Con La Senso-poiesi nell’istituzione totalizzante: esperienza di campo in una casa circondariale
italiana Valentina Rizzo ha condiviso una parte del proprio percorso di ricerca lavorando con i giovani detenuti,
in particolare concentrandosi sulle sfumature che il termine “percepire” assume in un contesto chiuso ed
autoreferenziale come quello carcerario. Vedere, ascoltare, toccare assumono all’interno del carcere delle
valenze del tutto particolari, assumendo le sfumature proprie della monotonia, della coercizione e della
privazione. Il ruolo centrale dei sensi nella costruzione identitaria di un individuo fa sì che l’identità del detenuto
sia costruita per difetto, con un processo sottrattivo: in condizioni di prigionia, ad esempio, non si impara a
vedere il mondo diversamente, ma si impara a vederlo meno, contestualmente ad una prograssiva chiusura
delle architetture cosiddette “totalizzanti”.

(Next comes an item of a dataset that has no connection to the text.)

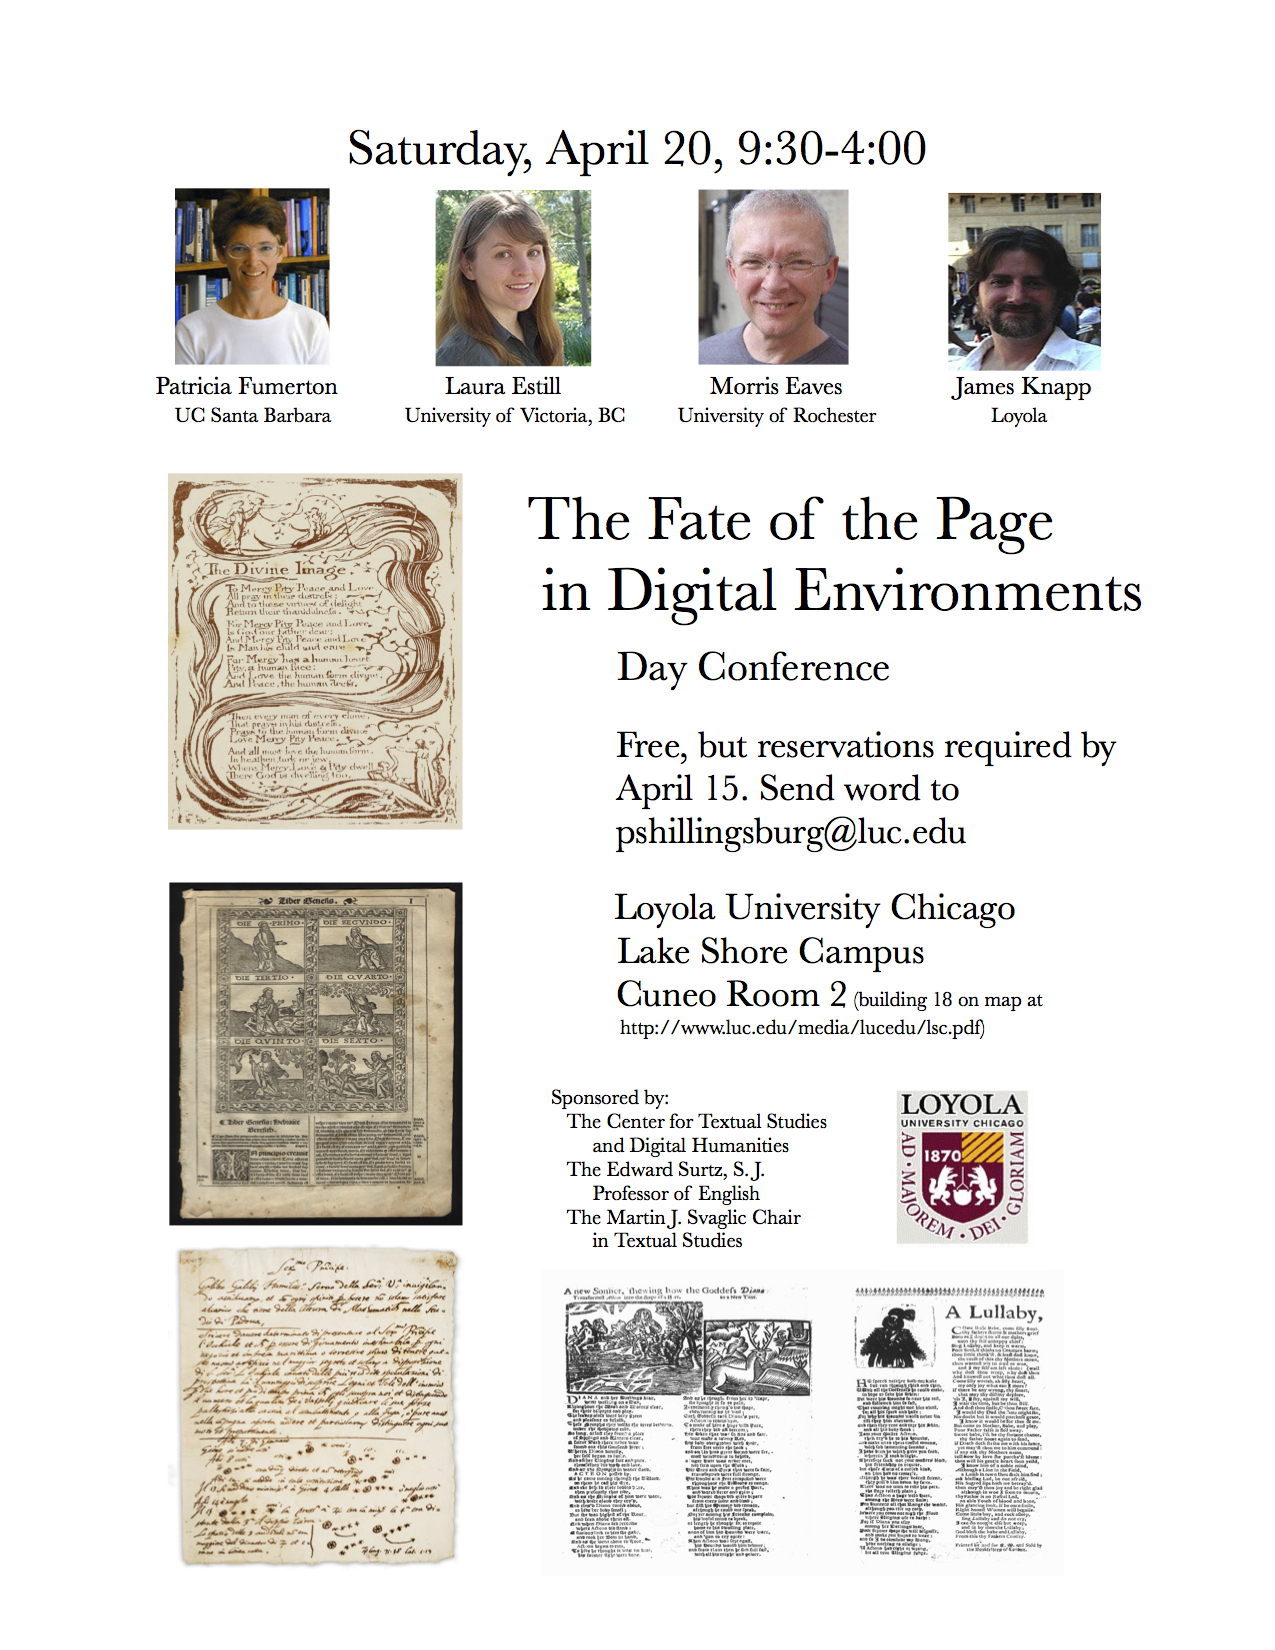 The Fate of the Page in Digital Environments - Patricia Fumerton (UC Santa Barbara), Laura Estill (U Victoria, BC), Morris Eaves (U Rochester), James Knapp (Loyola Chicago), April 20, 2013
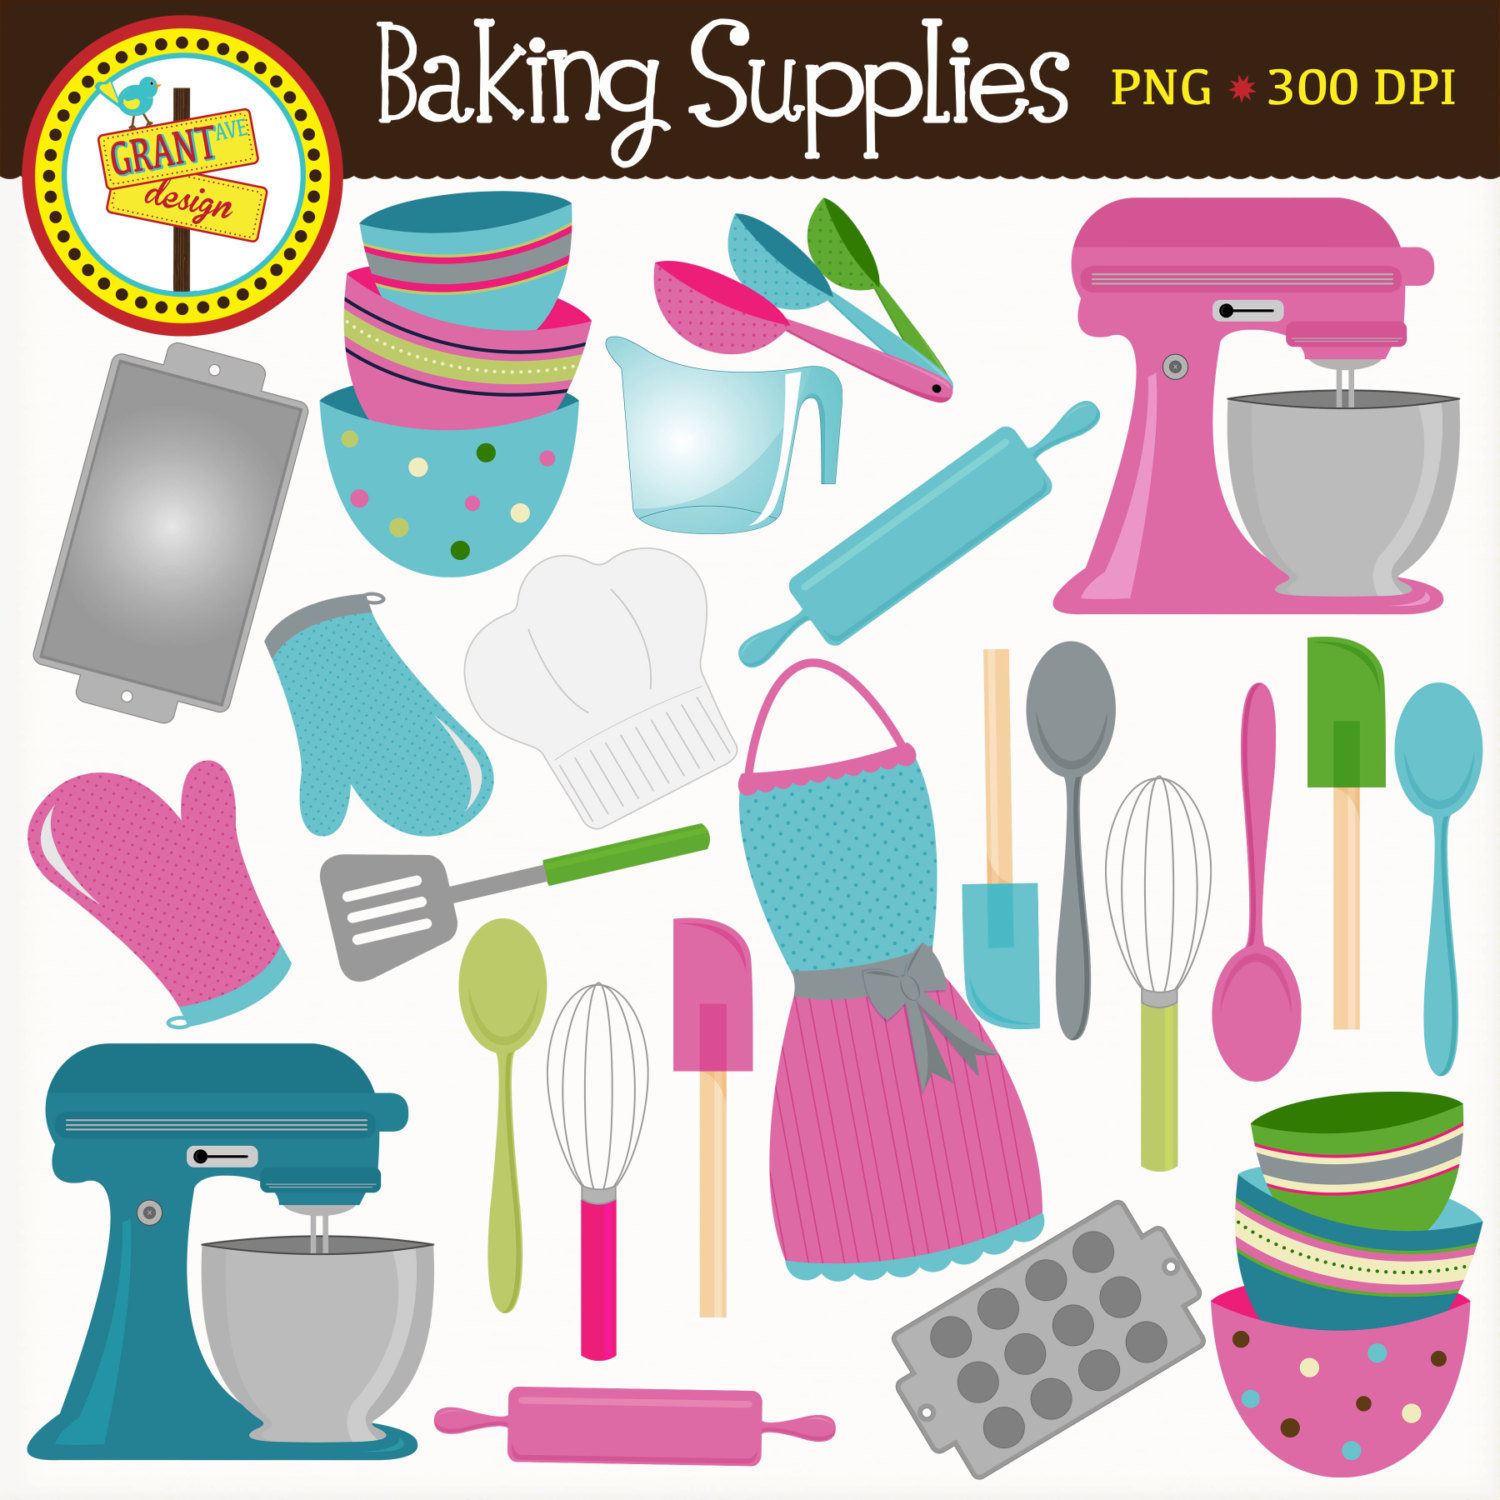 Baking Supplies Clipart Cute Baking Clip Art By Grantavenuedesign

Con l’ultimo articolo di questo primo numero dedicato al visuale, Note sul genere documentario: la realtà è
talmente inverosimile che per renderla verosimile è necessario mescolarla a qualche menzogna, Toni
Andreetta (docente di Teoria e pratica del documentario presso l’Università di Padova) introduce sezione della
rivista, quella dedicata al materiale audiovisivo, alle video-interviste e ai documentari: attraverso un’analisi
storica del genere documentario è rappresentato uno dei suoi caratteri più centrali (e ancora maggiormente
quando esiste un carattere di scientificità, come nel caso del documentario etnografico), il rapporto con la
verosimiglianza dei contenuti e l’artificialità che ogni forma espressiva possiede.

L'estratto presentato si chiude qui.